The two sweep animations below show the raw source fields before that conversion. The temperature sweep makes it easy to see where the hottest parts of the plume sit, while the density sweep shows where the smoke and flame mass are concentrated along the length of the fire volume.
The turntable below shows the final `COLOR_RGBA` result after the lookup-table mapping. This is the stage that matters for fabrication: by this point the volume is no longer just a set of scalar fields, but a printable color-and-opacity field.

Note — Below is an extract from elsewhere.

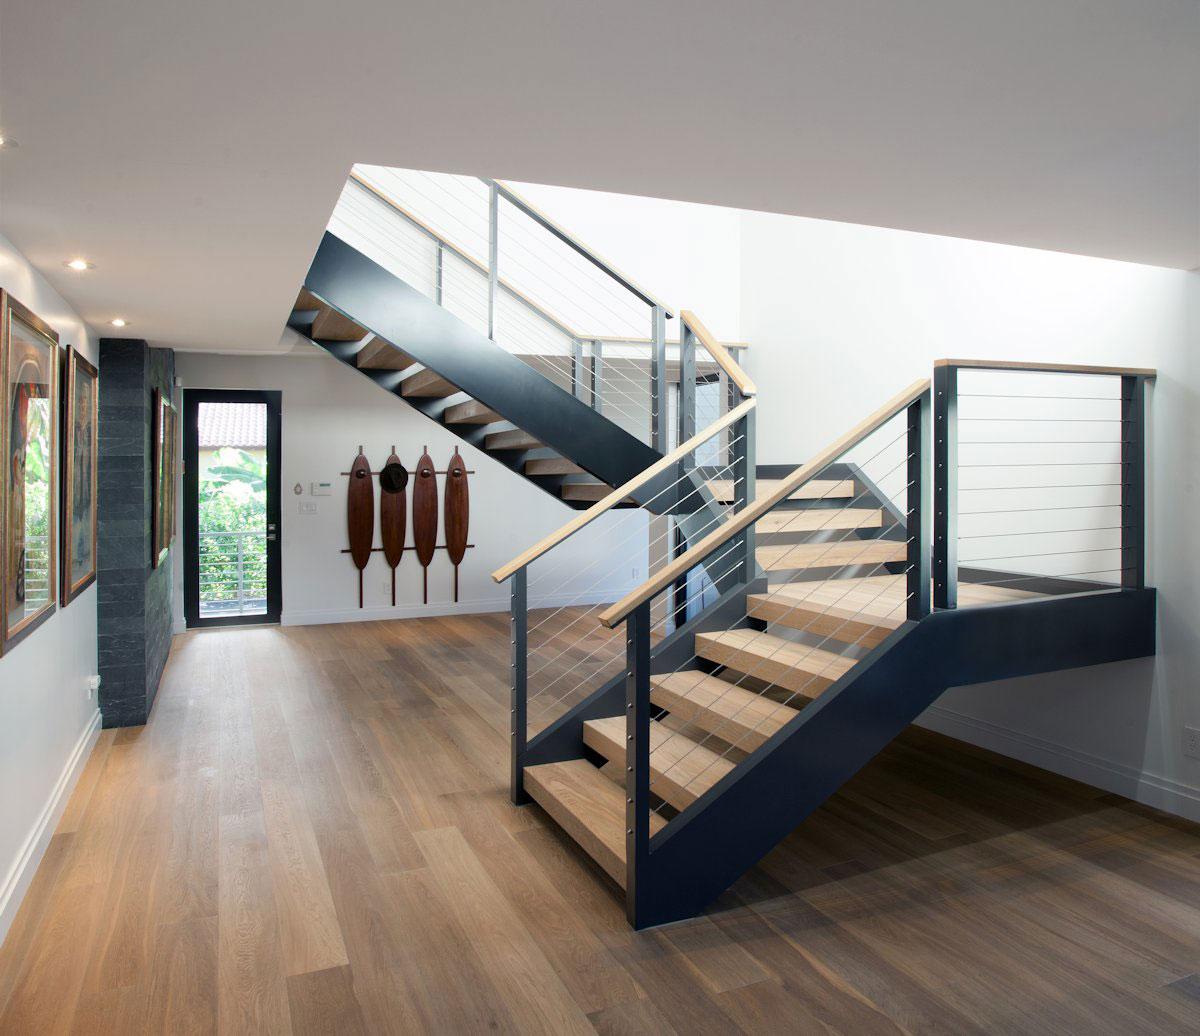 Metal & Wood Stairs, Modern Retreat in Davie, Florida

For both the fire and tumor workflows in this guide, the final `COLOR_RGBA` field was compiled with the Color Inkjet Compiler and printed on a Stratasys J750 PolyJet printer using Vero Cyan Vivid, Vero Yellow Vivid, Vero Magenta Vivid, Vero Black Plus, Vero Pure White, and Vero Clear materials.
The photo below shows the physical fire print from that pipeline. It lets you compare the rendered `COLOR_RGBA` result above with the final printed object.

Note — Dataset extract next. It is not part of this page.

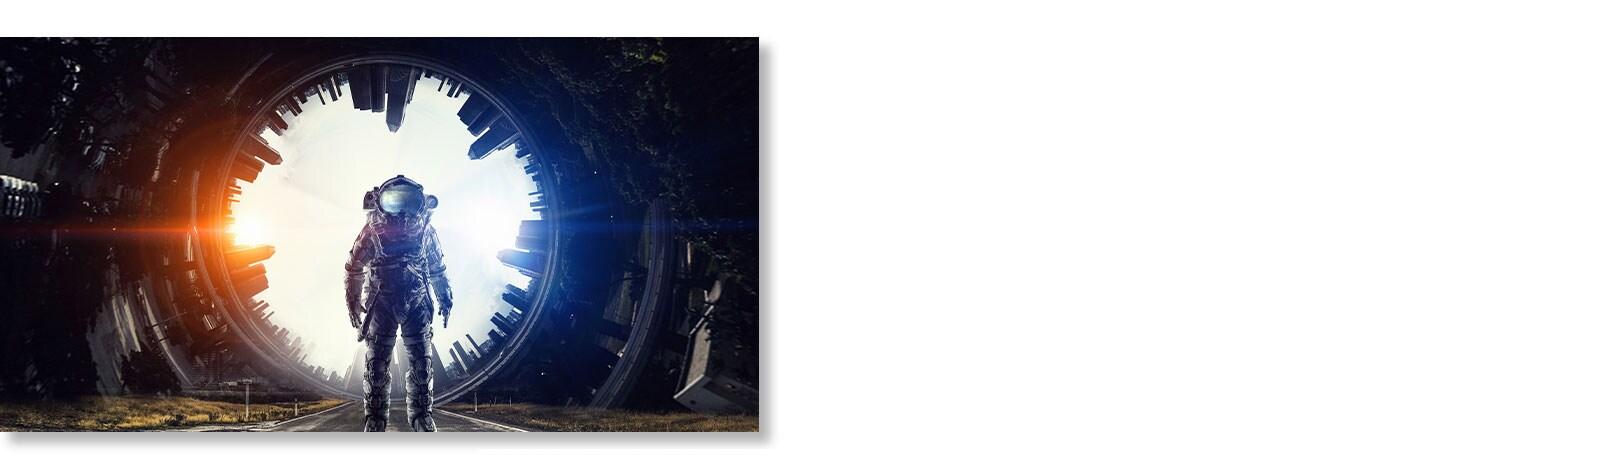 OLEDC9_Dolby-Vision-&-Dolbyr_03_04_2019_D

## Lesson 3: CT Head Scan to `COLOR_RGBA`
The tumor example uses the same overall workflow, but now the source data is a DICOM stack instead of a VDB file.
The full example lives in `examples/volumes/imaging/medical/mr_brain_tumor/`. For the guide snippets, assume the `dicom/` stack folder is next to `tumor.py` and run the script from that directory. This example also differs from Lessons 1 and 2 because it imports a mesh to act as the bounding volume. In the VDB examples, we used simple boxes built from the volume bounds. Here, the outer boundary is an anatomical surface mesh created with segmentation operations in [3D Slicer](https://www.slicer.org/) and exported as `MRTumor.stl`.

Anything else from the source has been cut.